Training Data quality

Recently Argsen is working on a project which requires a text comparison component (by semantic meaning). In order to speed up the development process, we have explored both commercial and open source APIs for their suitability in our product. Simultaneously, we have trained our models. I am not going to discuss the result in detail here, but here is the essence – in the IT hardware world, there is no bad hardware, only inadequately priced hardware. Similarly, in AI world, there is no bad model, but models that doesn’t fit the purpose.

Here are some examples: “software maintenance” and “grave maintenance”; “software debug” and “software maintenance”. Obviously, the first set should return low similarity and the second one should return a high similarity score. Unfortunately, many models cannot give correct results in both cases.

Semantic comparison is based on context.

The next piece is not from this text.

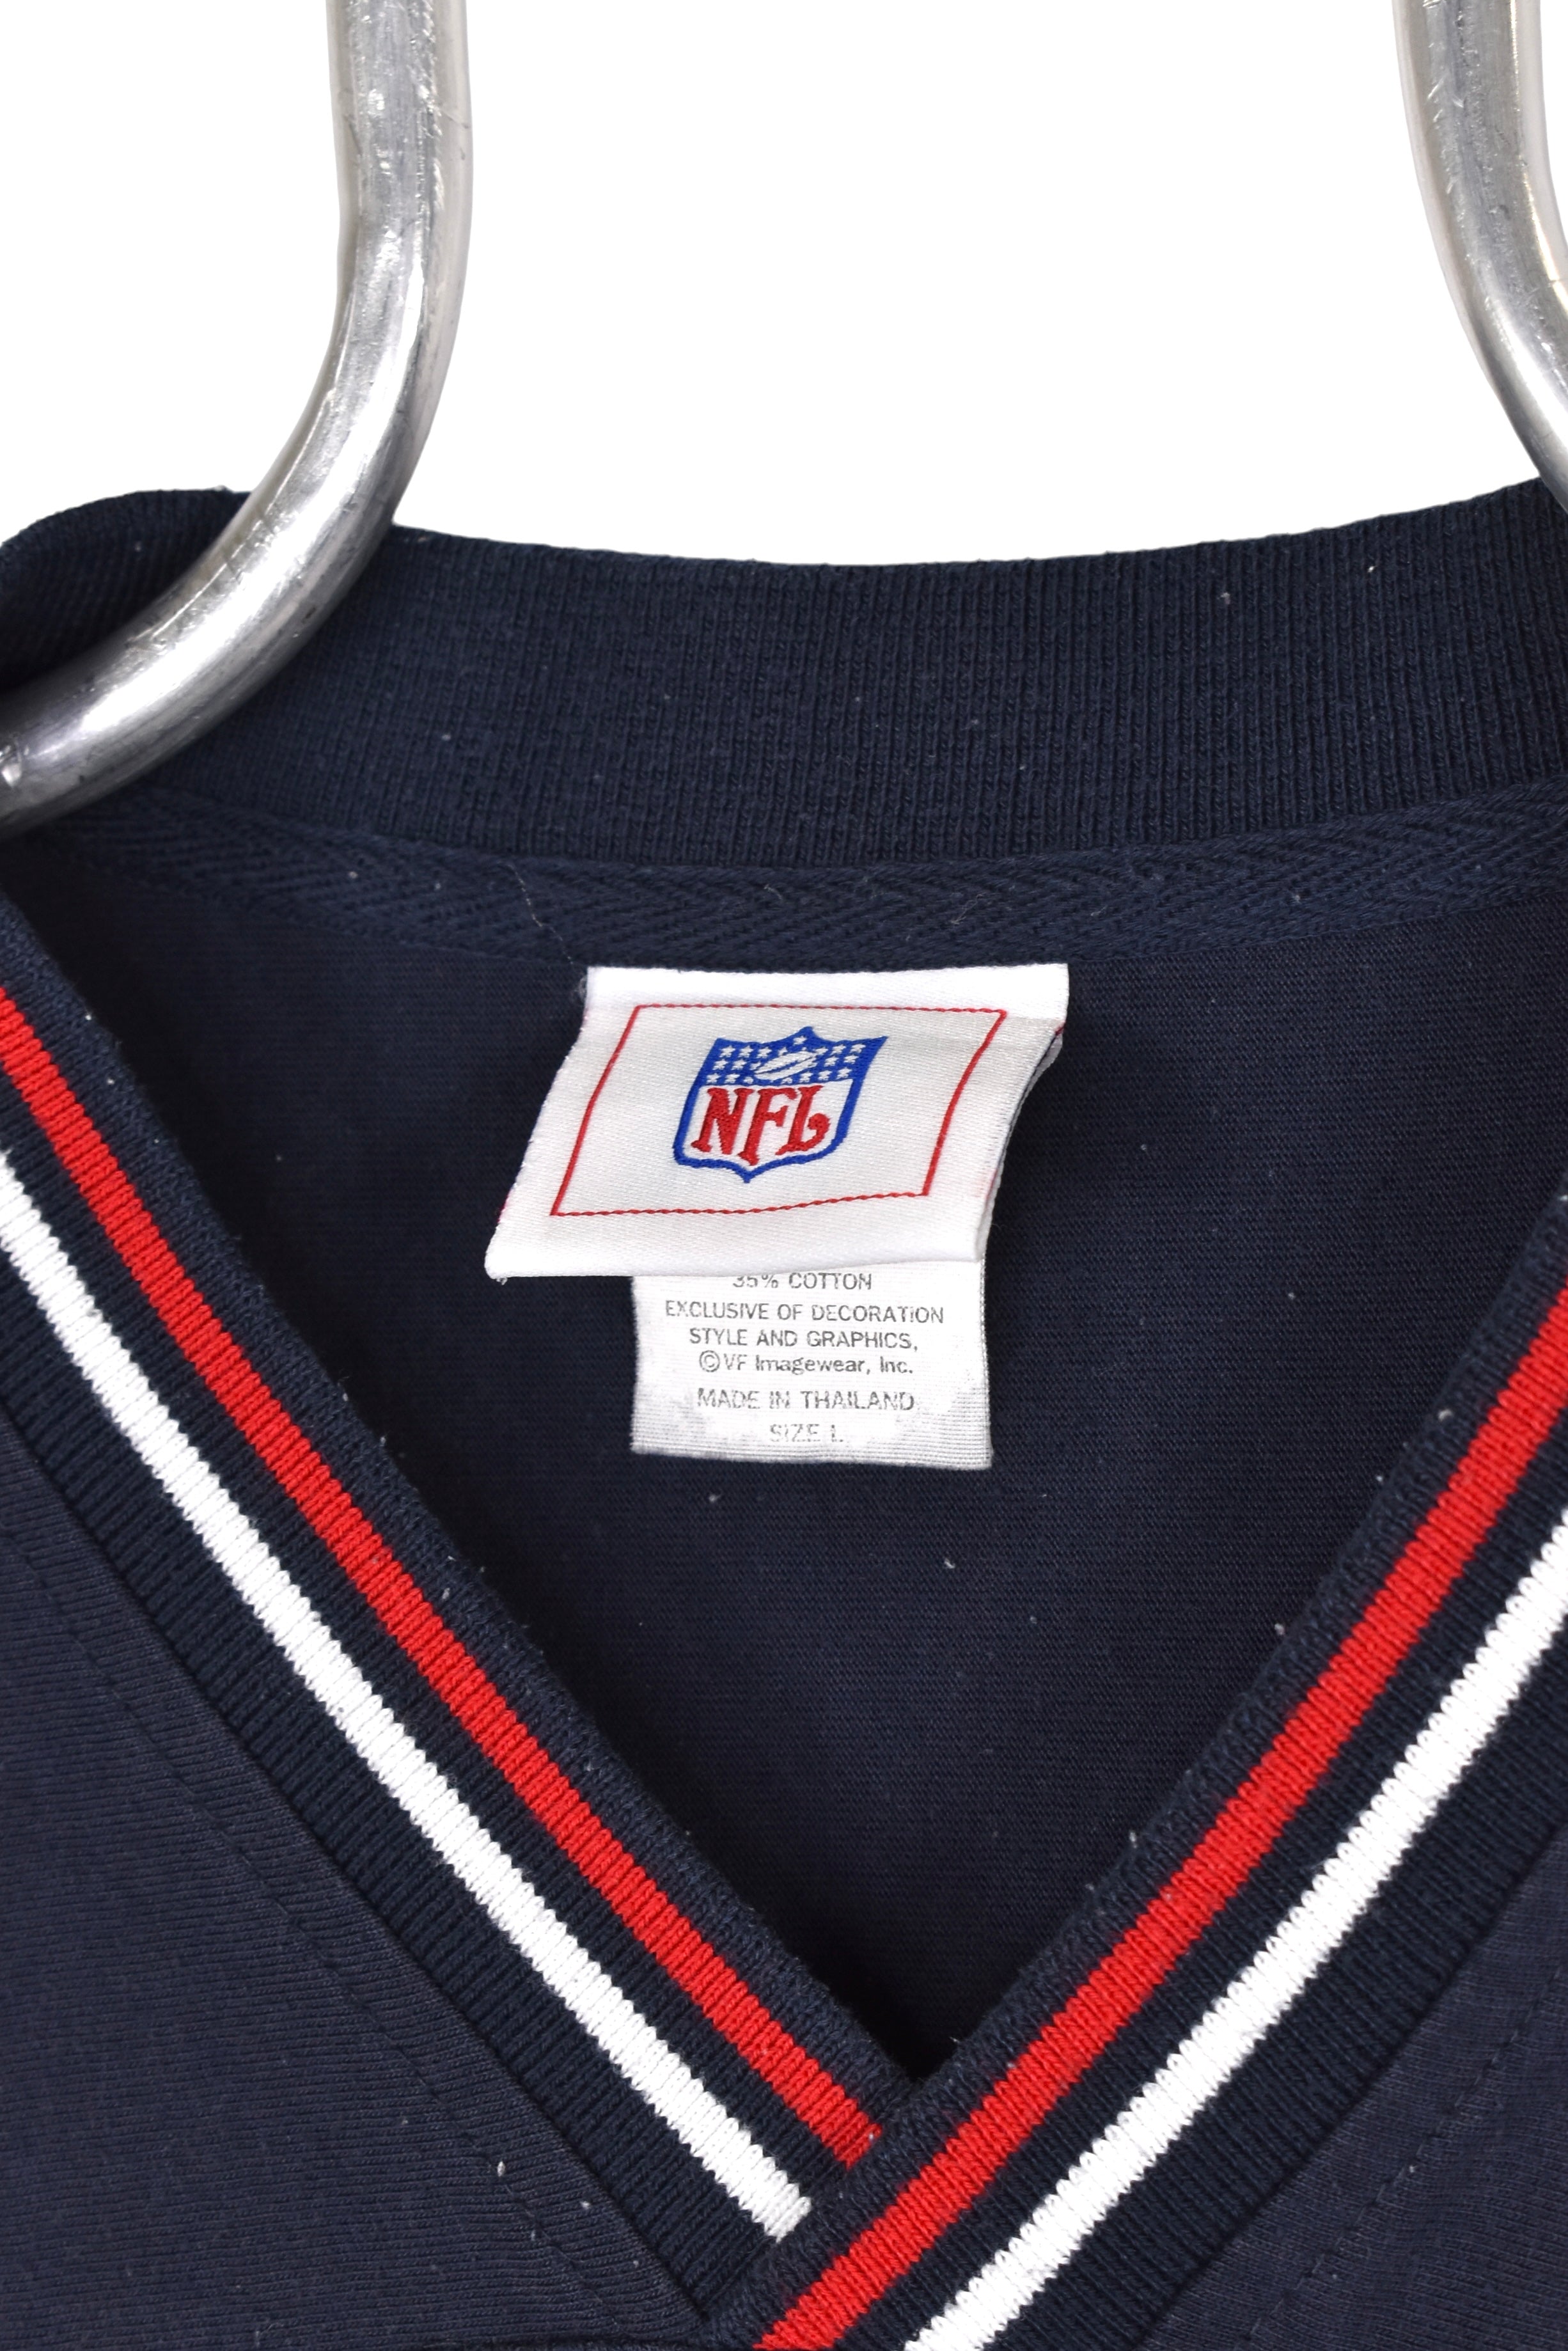 Vintage Houston Texans sweatshirt, NFL embroidered V neck - Large

Most models are built as word vectors. Therefore, we picked some models, which we can access the training data to look for the underlying causes. Now things get interesting. The model that matches “grave maintenance” and “software maintenance” is sourcing the explanation / context from Wikipedia. When search “grave maintenance” on English Wikipedia, the term does not exist and “software maintenance” becomes the first possible match. Given the same text used in the training mode, the model gives a very high score when comparing two terms.

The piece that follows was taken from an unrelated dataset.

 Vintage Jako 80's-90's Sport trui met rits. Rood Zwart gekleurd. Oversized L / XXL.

I guess some people will say that such errors can be ruled out during the ongoing tagging / training. While I acknowledge that it is possible, it really affects the end-user experience. I also doubt how much human effort has been put to clean the training data sets, especially with those complex models. More importantly, without the ability accessing to the original training data sets, it is almost impossible to understand the root causes.

Just need to be cautious when using third-party models.